Разница в возрасте была немного велика — почти тридцать лет.

Фэйбл пожала плечами и поджала свои темно-фиолетовые губы под маской костюма, которая соответствовала моей.

— Они также были полными противоположностями. Кэрри и Джури, я никогда этого не понимала. О, смотри, вот и Мандэй.

Фэйбл вскинула запястье.

Я обернулась и увидела Мандэй, машущую нам с другой стороны окна, а остальные столпились на углу улицы.

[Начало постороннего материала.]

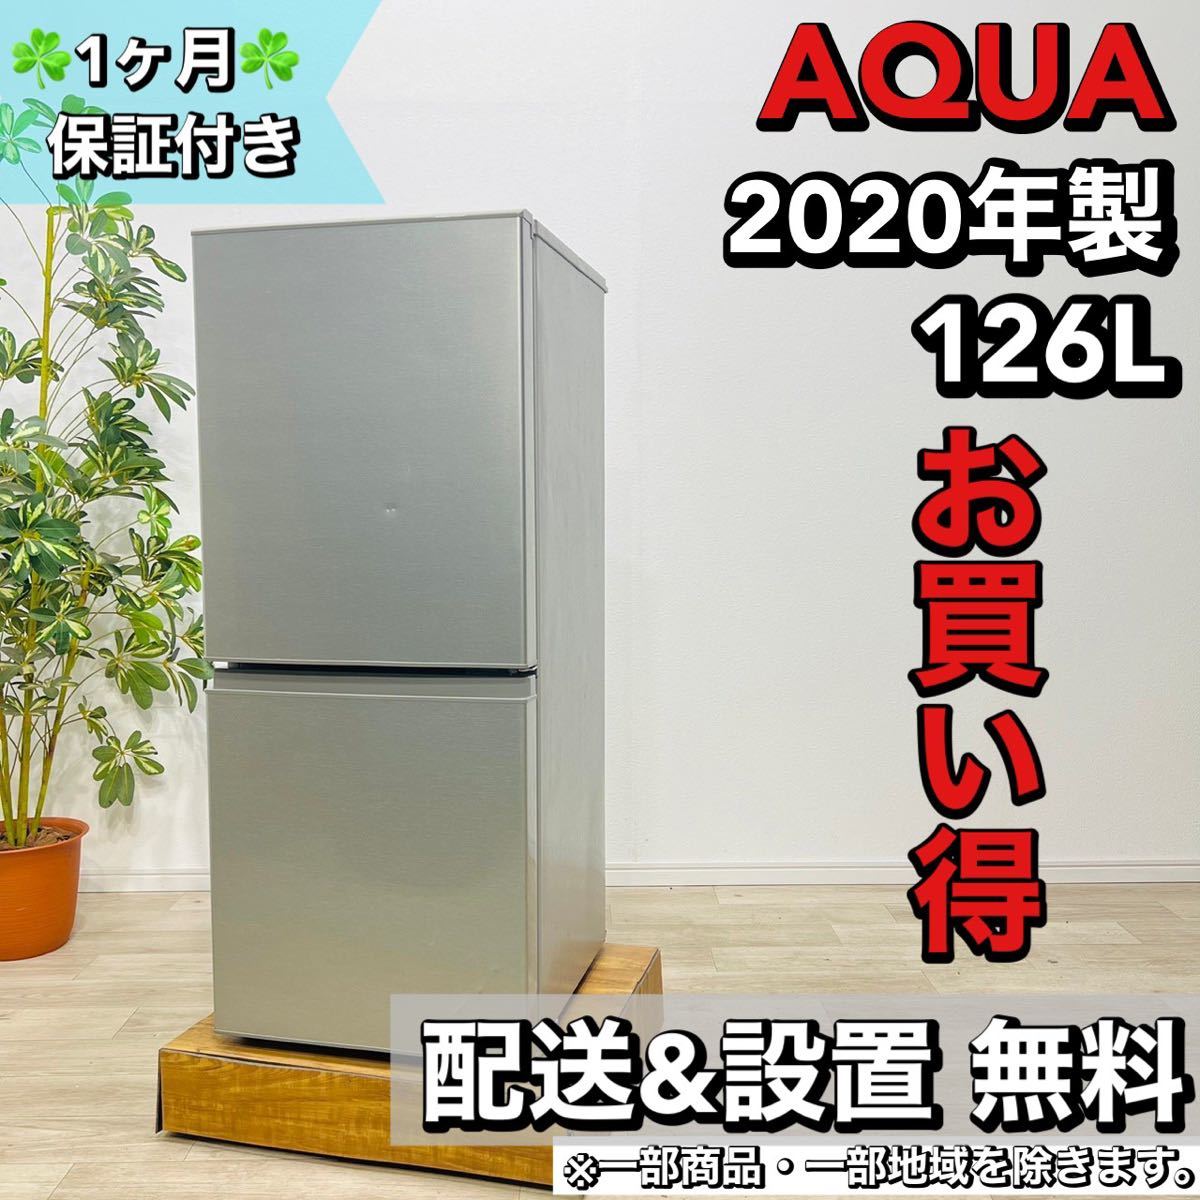 AQUA a1584 2ドア冷蔵庫 126L 2020年製 3

Когда мы вышли из кофейни, запах сосисок, пирожных c сахарной пудрой и карамельных яблок поплыл по Городской площади. С карнизов витрин свисали лестницы, а на мощеных дорожках и улицах валялись монетки, мерцающие в желтом свете фонарей, как медные бриллианты. Повсюду были установлены палатки в черно-белую полоску. Каждая палатка предлагала такие услуги, как гадание по ладони и пророчества, торговцы продавали хрустальные шары, карты таро, кристаллы и камни, сосуды для благовоний и так далее.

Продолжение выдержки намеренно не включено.